Ella turned 12, graduated primary school, started high school, and moved to the country with your Mum. She is extraordinary your daughter. Together she, your Mum and a funny little brown poodle have formed a new team, and they are a force to be reckoned with.

Your nieces started primary school, Eva perfected her hula-hooping, your nephew Hudson was born, and a song was dedicated to you in front of a sell-out crowd at a folk festival. Three nights in a row. The drummer cried each time.

The thing is Lu, there have been ordinary and remarkable days over this past year.
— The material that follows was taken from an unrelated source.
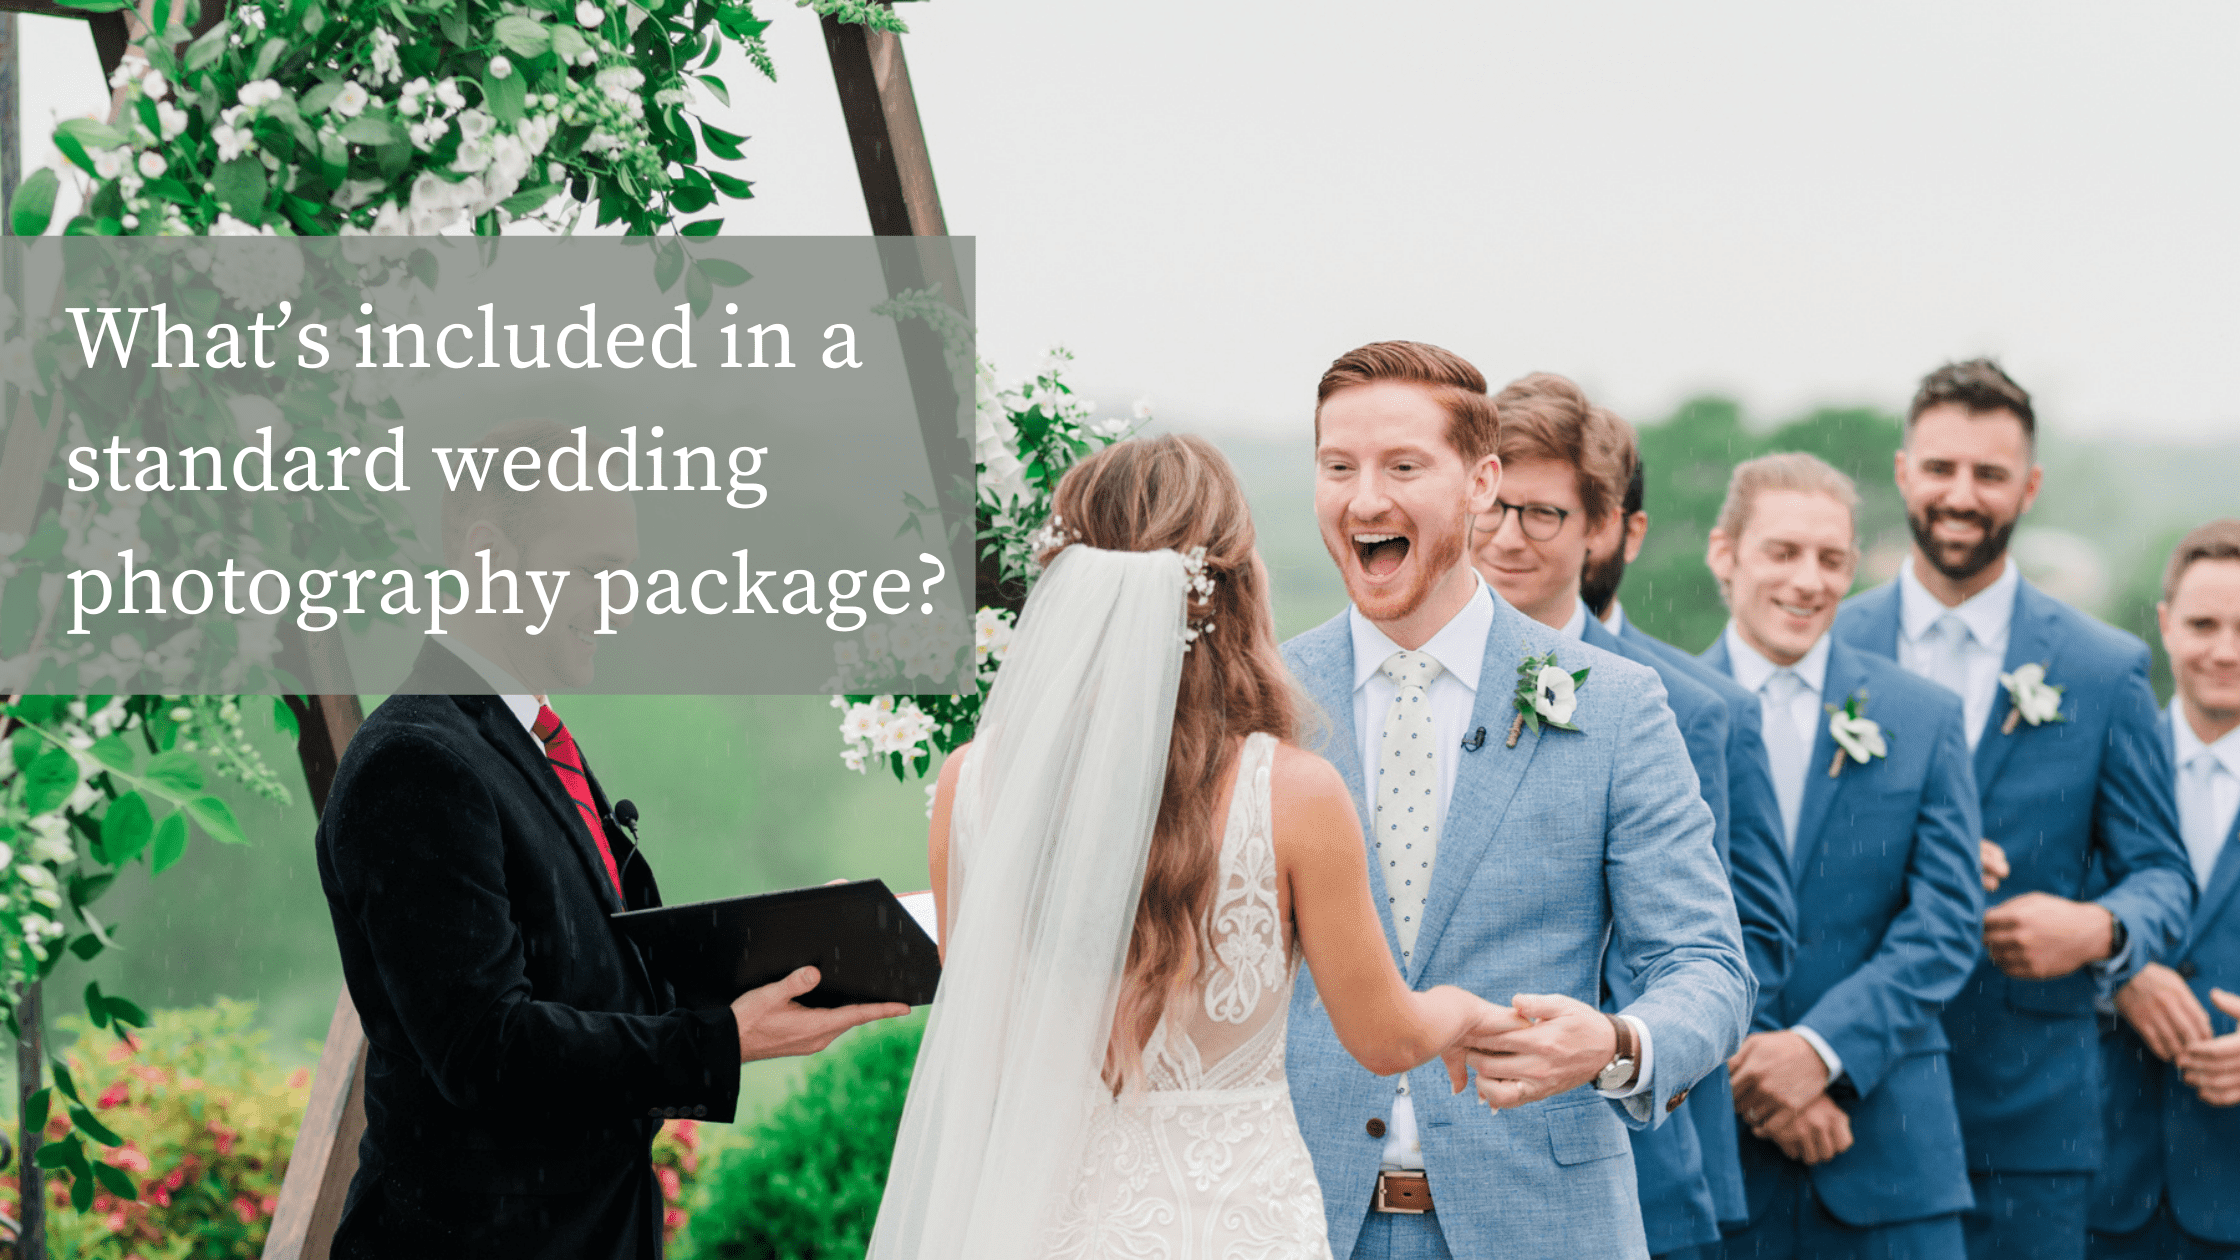 Dramatic image of groom's excited face just before they are announced husband and wife during a wedding ceremony. Left overlay on the left reads: "What’s included in a wedding photography package?"

But no matter what sort of day it is, there are these moment that sneak up on you. Like a kick to the crotch they get you quick and hard. Get you breathless and gasping. Missing you.

I miss your smell of soft perfume, and cigarettes and lollies.

I miss your vague text messages that always came a day too late.

I miss fighting for mirror space between all of us girls, trying to put on our makeup.

I miss touching toes with you on the couch.

I miss our cheeks sticking together during a hug.

I miss seeing you and Gavin hold hands.

I miss watching you stroke Ella’s hair absentmindedly.

It’s unbearable not knowing where you are. Or knowing that you are nowhere. It’s like you’re just out of focus on the edge of a picture, I keep looking expecting it to become clearer.